Hotels for Hacks

Six of the world's most notable "war hotels," in the words of journalists who spent time cooped up in them.

MARCH/APRIL 2012

"Every war has its hotel," the New York Times's Thomas Friedman wrote of his stay at Beirut's infamous Commodore during some of the heaviest fighting of Lebanon's vicious 1975-1990 civil war. From Baghdad's Al Hamra to Sarajevo's Holiday Inn, here are six of the most notable "war hotels," remembered by the correspondents who briefly called them home.

 

CARAVELLE HOTEL
Ho Chi Minh City, Vietnam

"In the early hours of [April 28, 1975] the runways and terminal buildings at Tan Son Nhut Airport were pounded by the big artillery guns that the communists had dragged down from the mountains. The shell fire woke the city. I tumbled out of bed at the Caravelle as the first shells landed at 4 a.m., and ran to the hotel roof, where a few colleagues had already gathered. Aircraft and buildings were burning. As a smoky dawn rose over Saigon's rooftops we saw that many residents were watching, as we were, a few brave aircraft dueling with gunners on the ground, their miniguns spitting sheets of flaming steel as surface-to-air missiles flew up toward them. I saw two aircraft fall from the sky. I phoned [George] Esper [Associated Press bureau chief in Saigon] from the Caravelle's bar. We agreed that the shelling would probably end the evacuation at the airport and activate Option 4, the final pullout."

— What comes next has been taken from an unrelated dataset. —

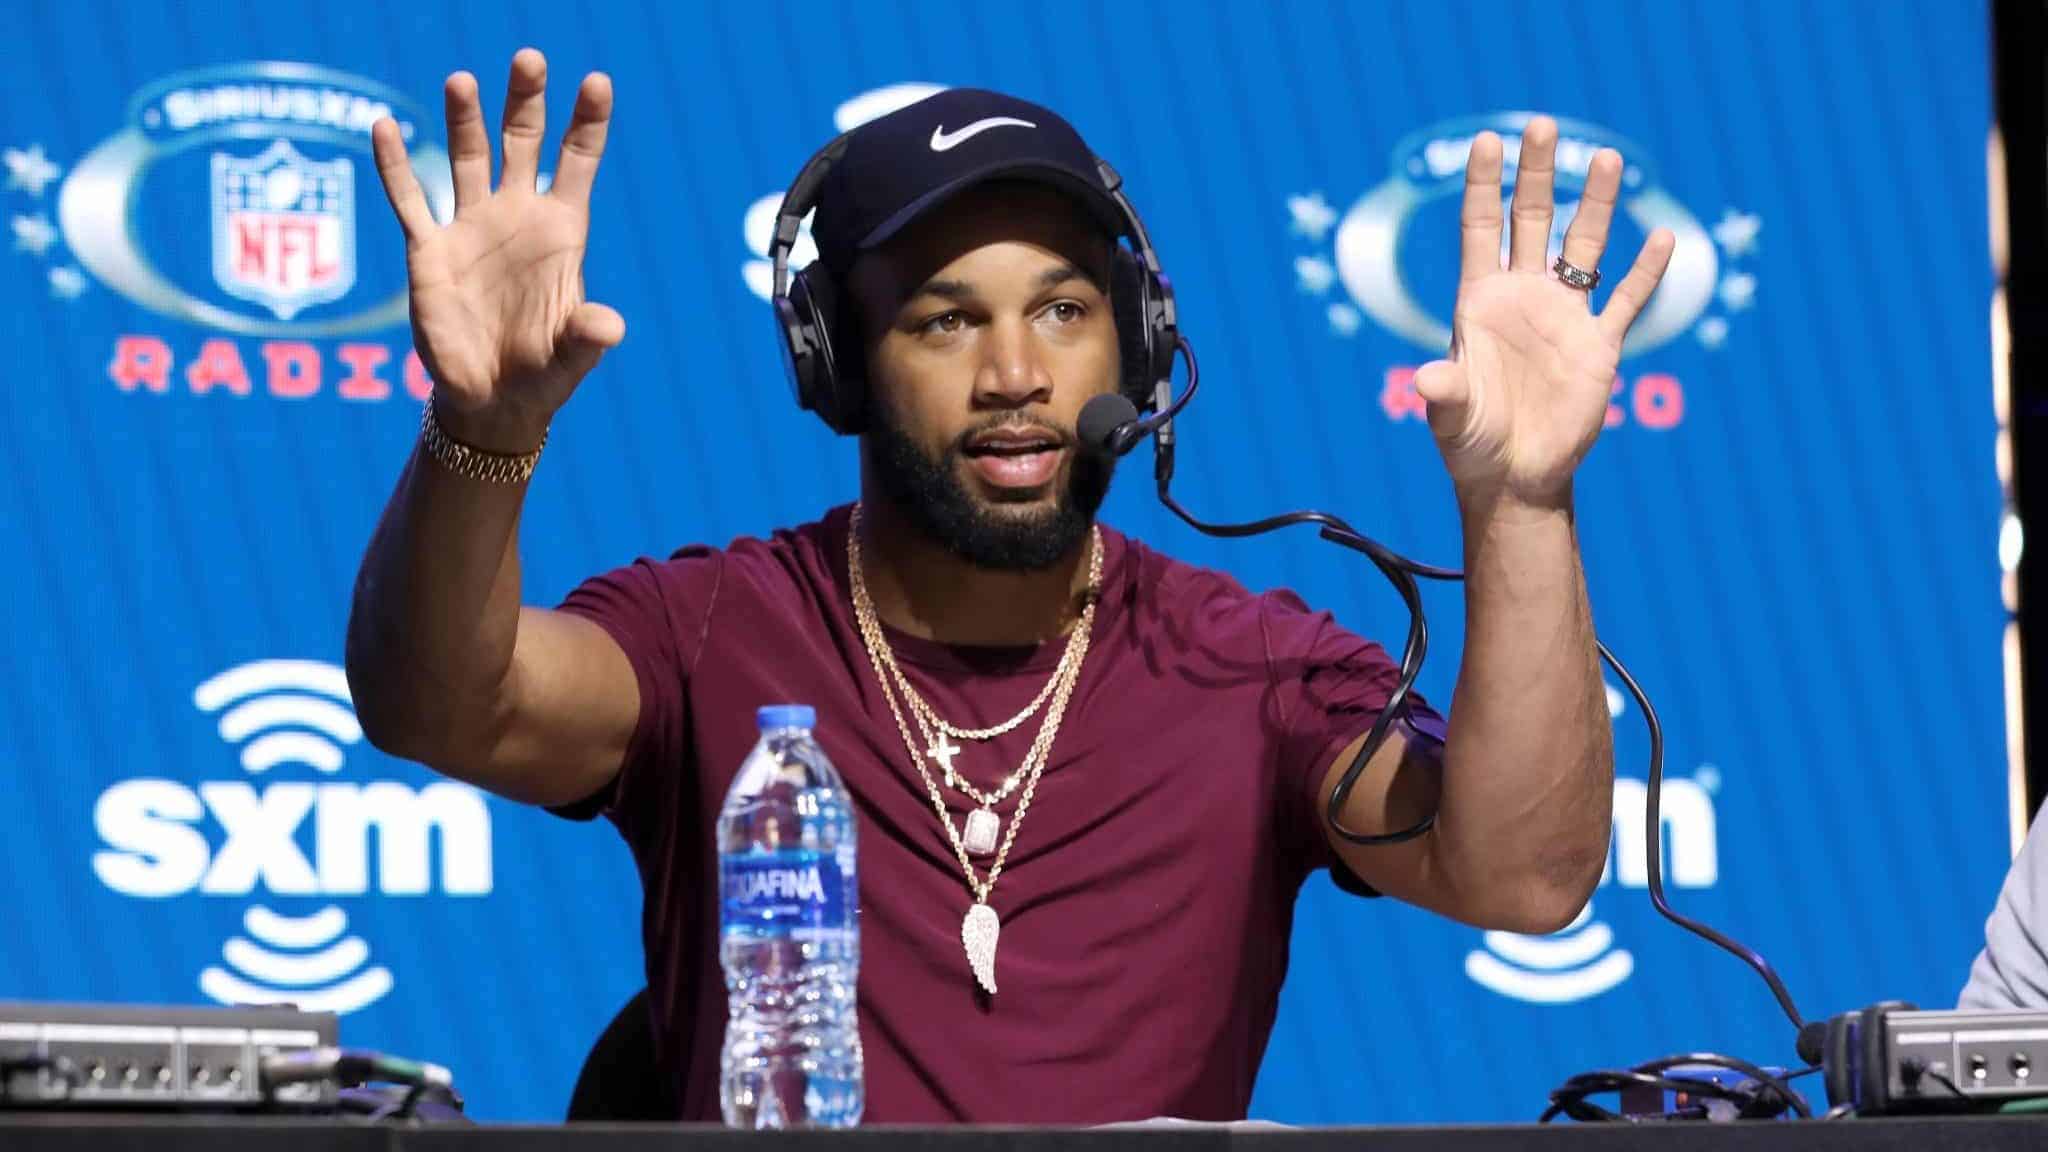 MIAMI, FLORIDA - JANUARY 31: NFL wide receiver Golden Tate of the New York Giants speaks onstage during day 3 of SiriusXM at Super Bowl LIV on January 31, 2020 in Miami, Florida.

--Former AP reporter Peter Arnett in his book Live from the Battlefield

HOTEL COMMODORE
Beirut, Lebanon

"It wasn't just the parrot in the bar, which did a perfect imitation of the whistle of an incoming shell, that made the place so weird; it wasn't just the front desk clerk, who would ask registering guests whether they wanted a room on the 'shelling side' of the hotel, which faced East Beirut, or the peaceful side of the hotel, which faced the sea; it wasn't the way they 'laundered' your hotel bills by putting all your bar charges down as 'dry cleaning.'… It was the whole insane atmosphere."